Siren has radio-collared 13 martens and tracks them with a hand-held receiver on weekly trips to the study site, and with a receiver mounted in a newly built wind farm. Because Siren began collecting data on the marten before the wind project was built, he will be able to see what influence the wind farm has on the martens’ home ranges.

Credit:  Madeline Bodin, Bennington Banner, www.benningtonbanner.com 21 March 2012 ~~

Although weasel species tend to look alike, with low-slung bodies, sleek heads, and long tails, the marten stands out. They’re thoroughly mid-sized – considerably larger than mink and ermine; considerably smaller than fisher and otter. They have fox-like ears, which make their profile distinct from the other weasels’ more streamlined appearance. And their colors are one-of-a-kind.

“In the summer, the martens have this unbelievably bright orange throat patch – like hunter orange,” says Jillian Kilburn, a wildlife biologist with the New Hampshire Department of Fish and Game. That patch makes the marten the most brightly-colored mammal in our region, she explains. The rest of its body is a deep chocolate brown in summer and a lighter tawny color in winter.

Marten are a threatened species in New Hampshire and endangered in Vermont. They’re known for favoring spruce-fir forests in the far north. And they love snow – thriving under a deep snowpack where they hunt mice, voles and red squirrels.

Martens also love trees. They love to climb them, and they love the little spaces in the snow made by roots and fallen branches.

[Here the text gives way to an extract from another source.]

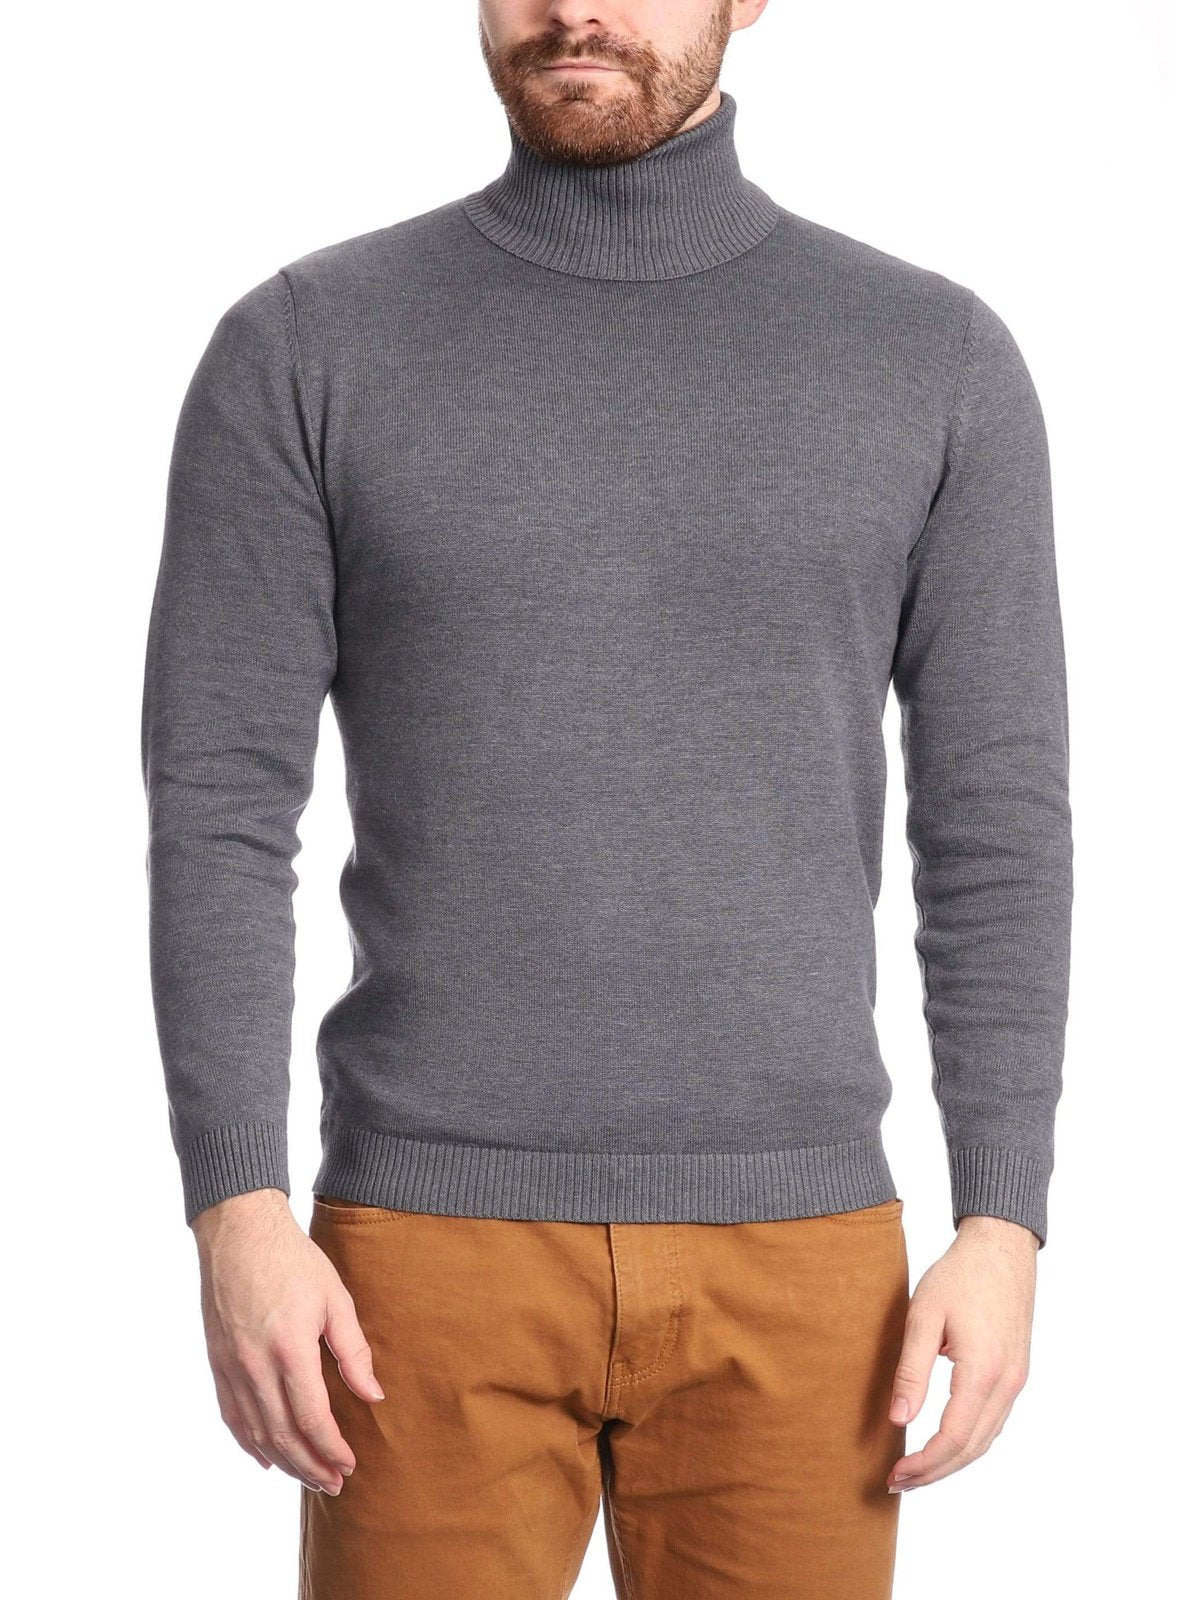 Arthur Black Default Category Migrated Gray / 5XL Arthur Black Men's Solid Gray Pullover Cotton Blend Turtleneck Sweater Shirt
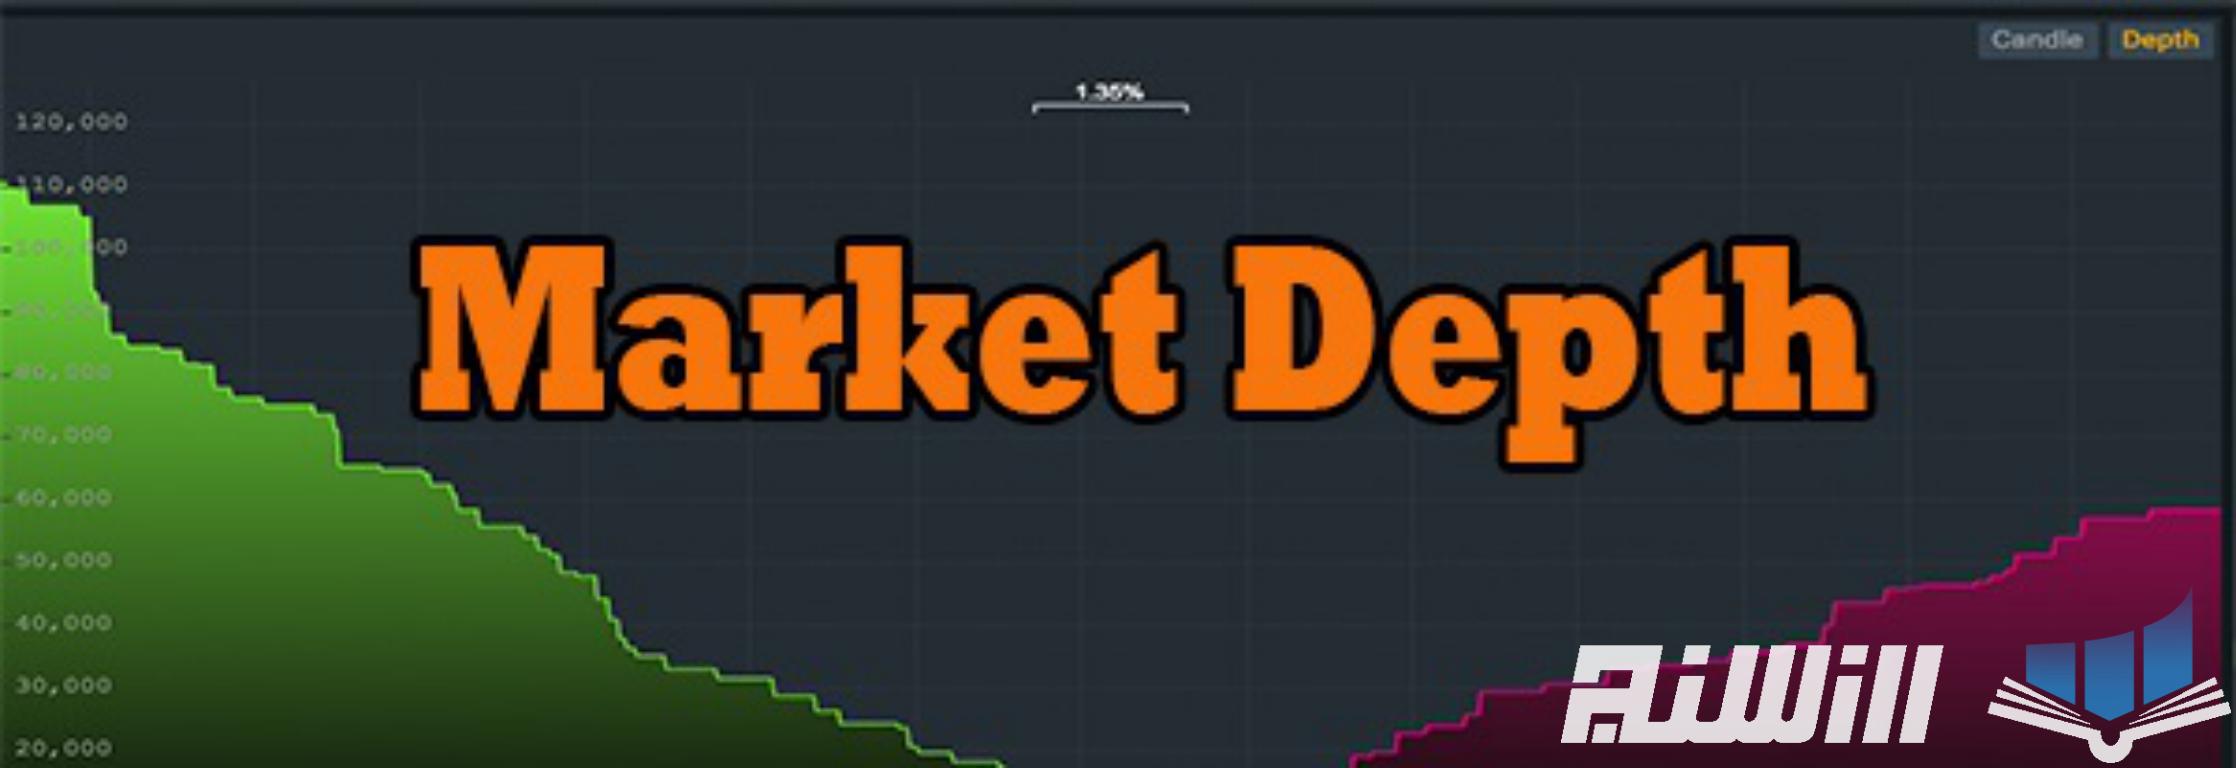 Market Depth

Martens thrive in old growth, Kilburn says, where there are lots of fallen trees and gnarly root systems, though it is possible to manage the landscape [for “manage,” think logging] and keep martens pretty happy. To co-exist with martens, a logger would look to retain
60 percent canopy cover after a harvest, leave a few big, dead trees, and leave lots of tops and branches on the ground.

Something in the northern third of New Hampshire is making martens very happy. While attempts were made to restore the marten population in the 1950s and 1970s, Kilburn says the population has really taken off in the past 10 years.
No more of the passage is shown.